Please check the contents of 'hlt.log' for details.
exit status: 1
done
Another instance of this issue was in CMSSW_12_4_X_2022-11-01-1100
.
https://cmssdt.cern.ch/SDT/jenkins-artifacts/HLT-Validation/CMSSW_12_4_X_2022-11-01-1100/el8_amd64_gcc10/HLT_Integration_PIon_MC.log
+hlt
I will try to come up with a solution, e.g. https://github.com/cms-sw/cmssw/issues/39345#issuecomment-1244964477; ETA: EOY
#40004 and its backports have removed queries to ConfDB
in IB tests. This should, by construction, remove occurrences of this issue for 12_4_X
and higher, so I'm signing this.
Having said that, the root cause of these failures (see also #39345) still escapes me. The symptom is a failure in downloading configurations from ConfDB (only some of them usually, during the same IB), which leads to invalid cfg files.
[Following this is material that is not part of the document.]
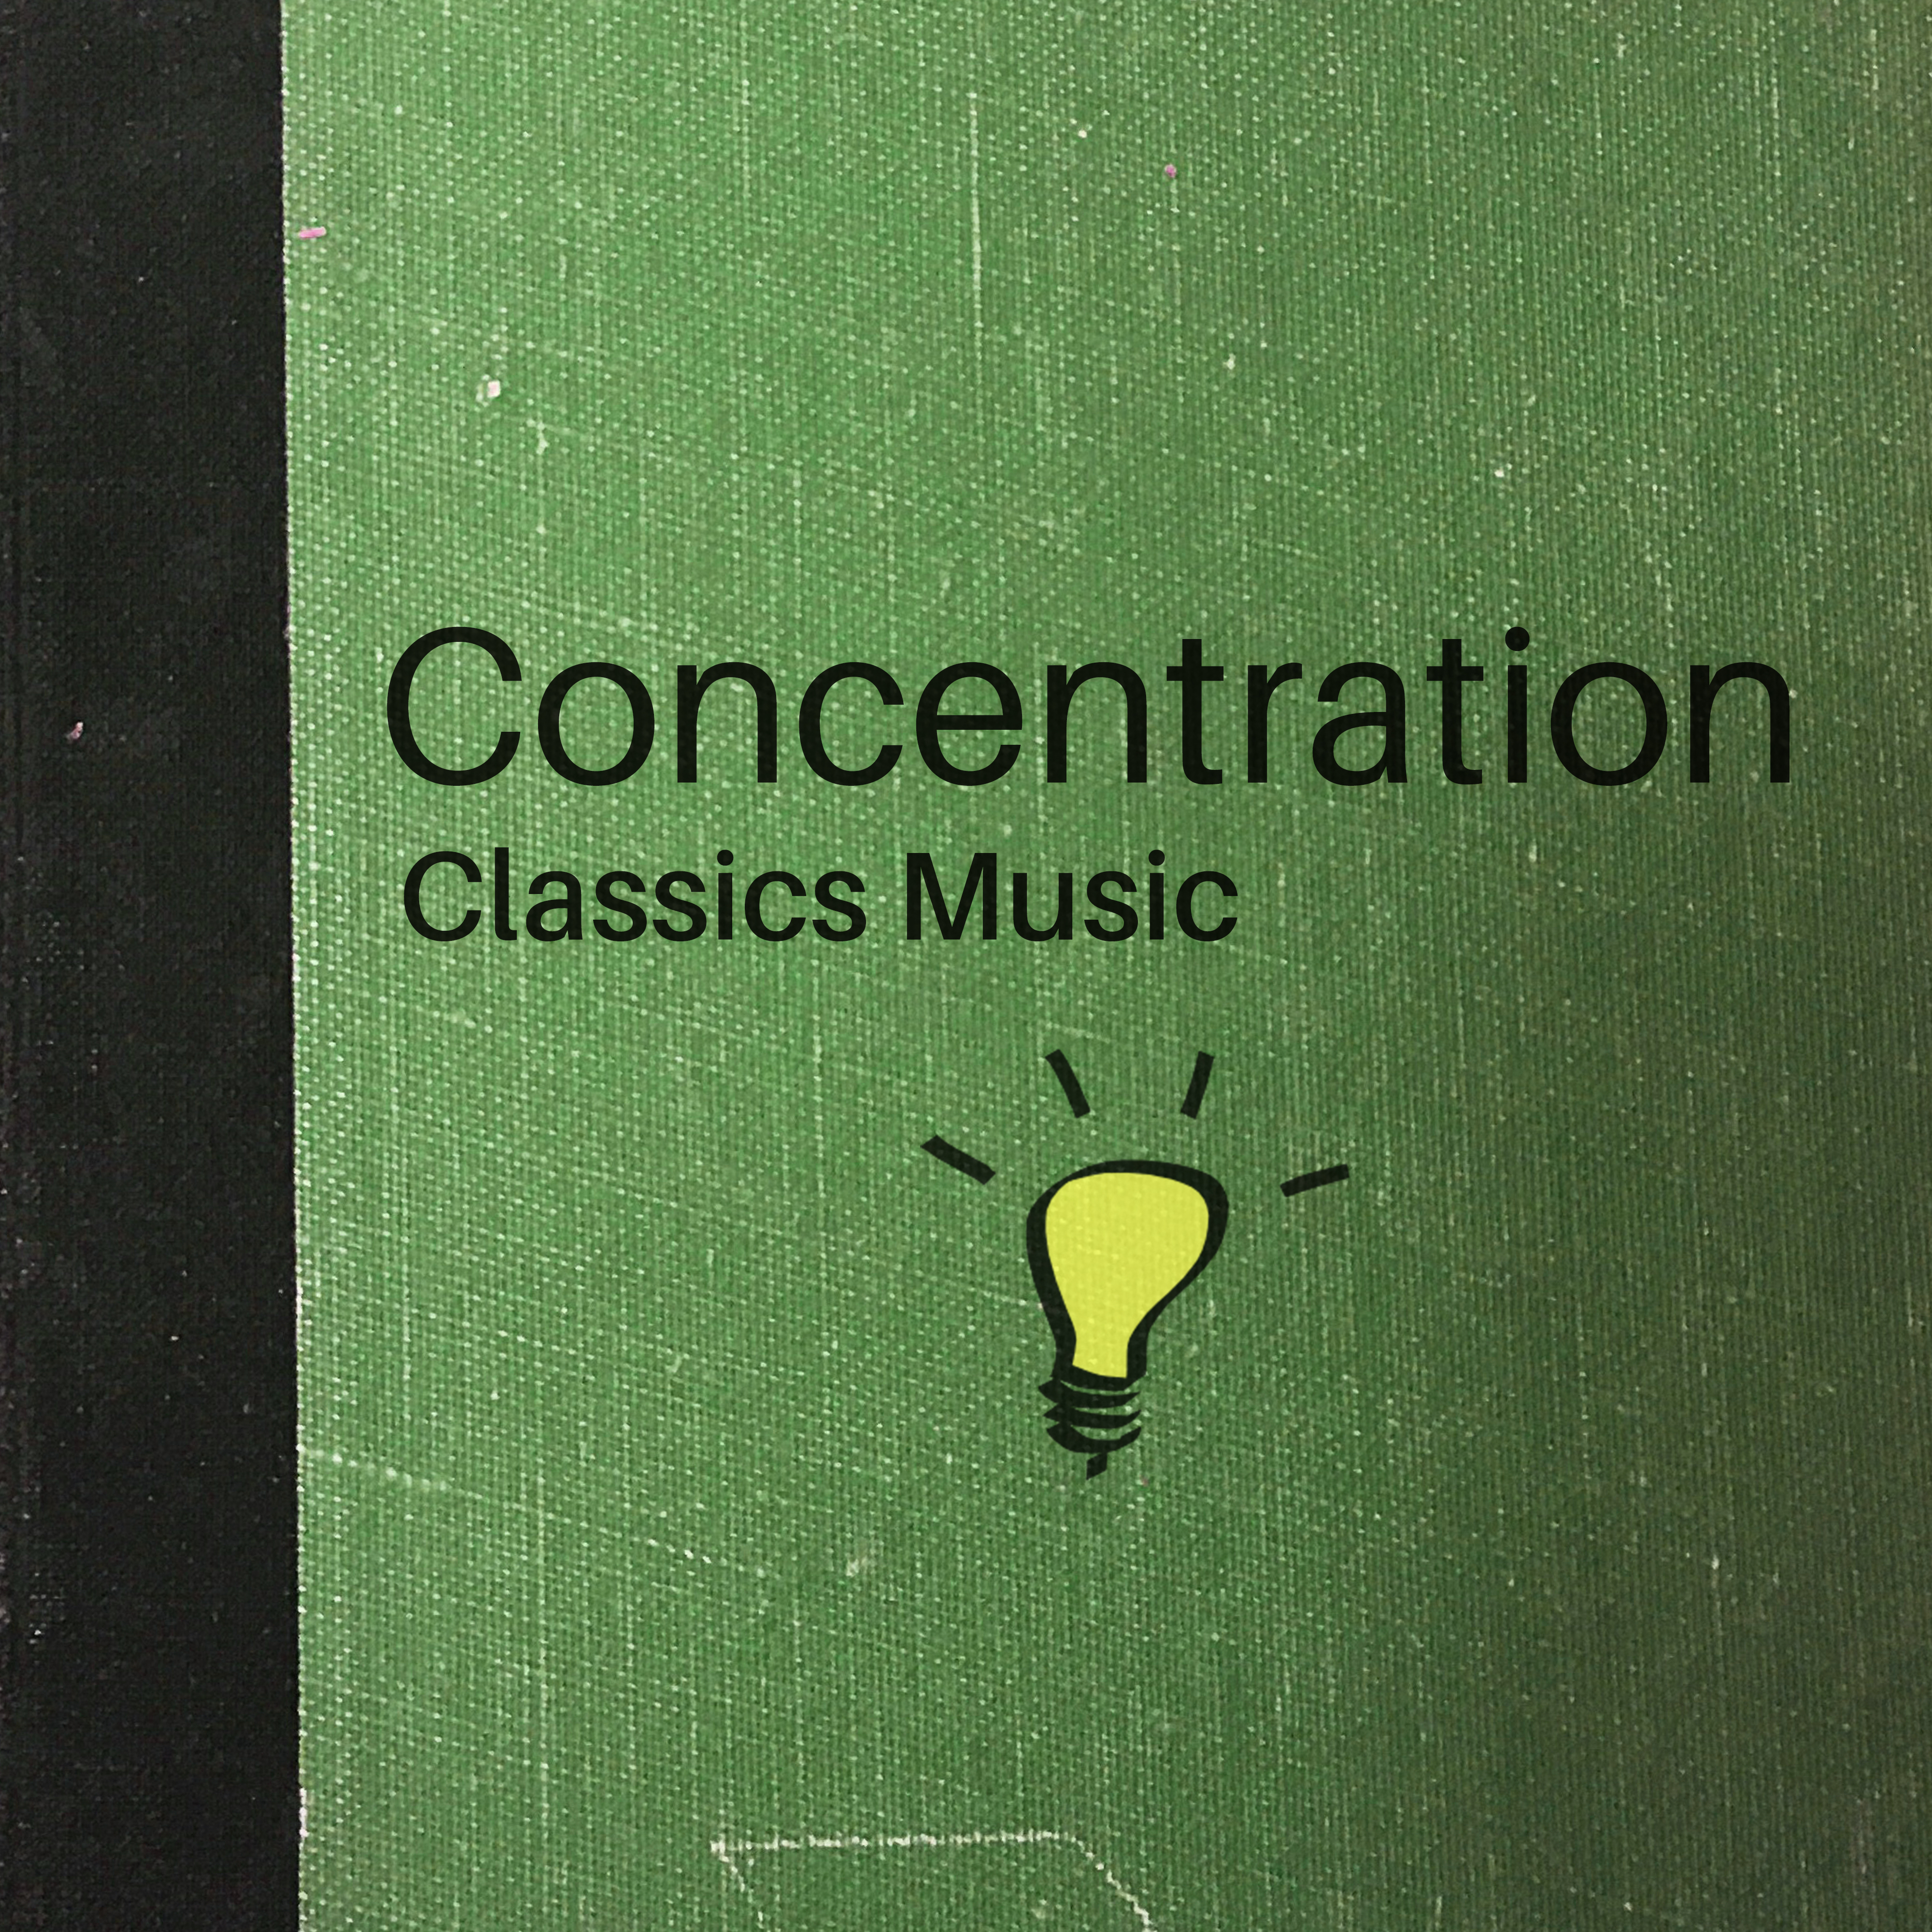 Concentration Classics Music  Soft Classical Songs, Easy Listening, Focus on Task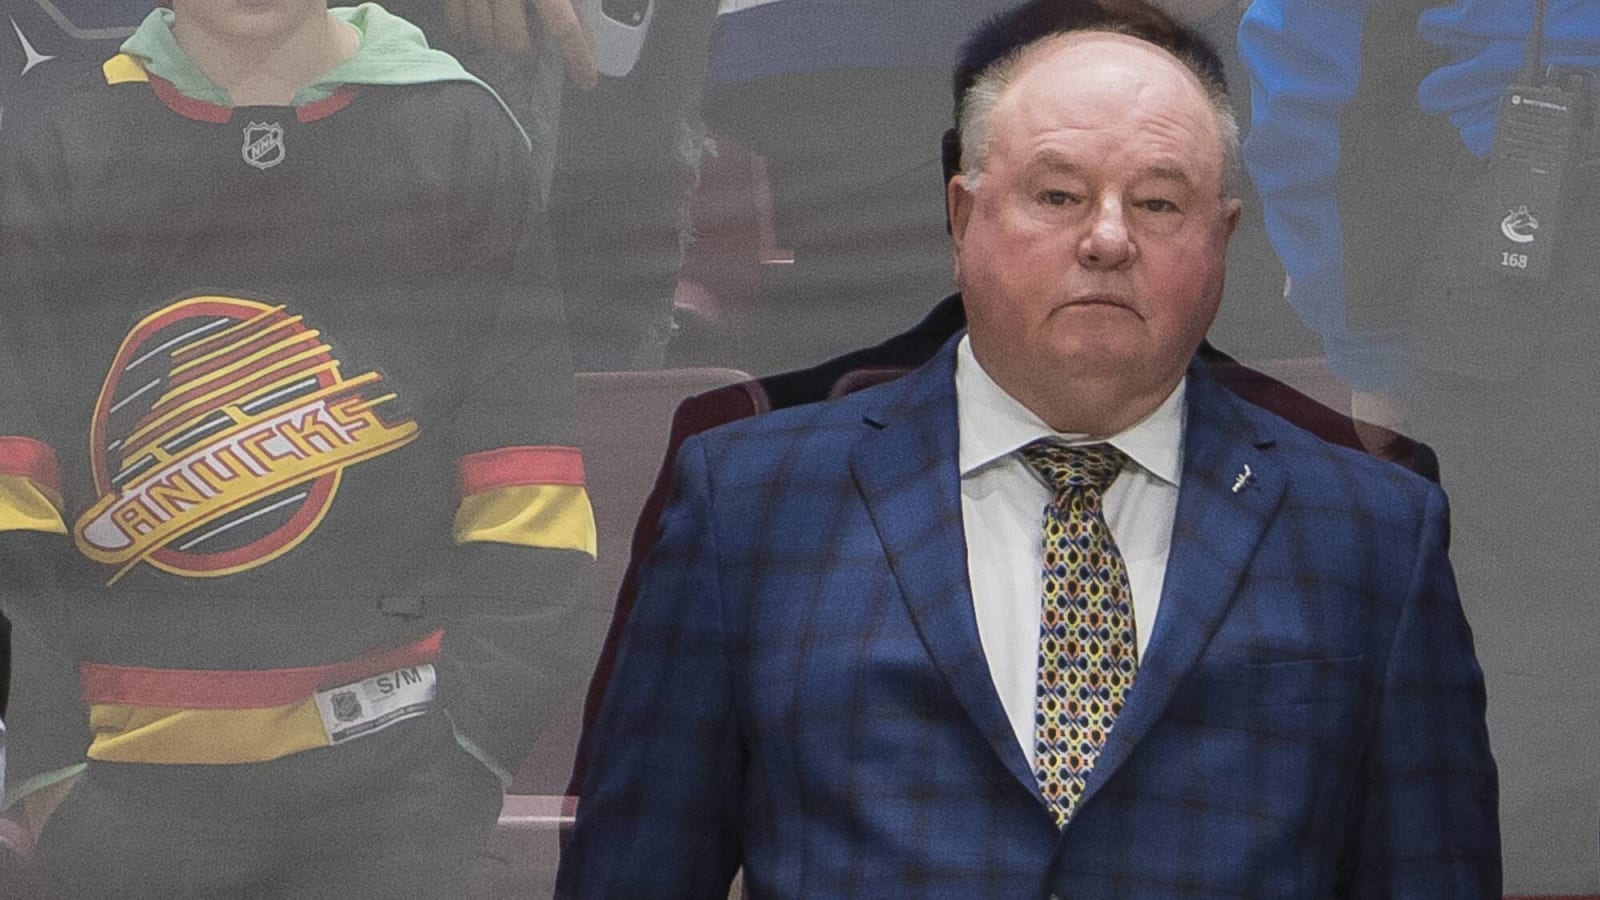 Through the Boudreau fiasco and beyond, the Canucks have sunk below rock bottom

The nodes running tests in IB don't have /afs
access, so the ConfDB .jar
files are downloaded locally, but it's unclear (to me) whether or not this is part of the issue. The code seems to account for the fact that multiple downloads can happen simultaneously, but I didn't try to stress-test this.
+core
Although in the end there wasn't much (anything?) for core.
@cmsbuild, please close
This issue is fully signed and ready to be closed.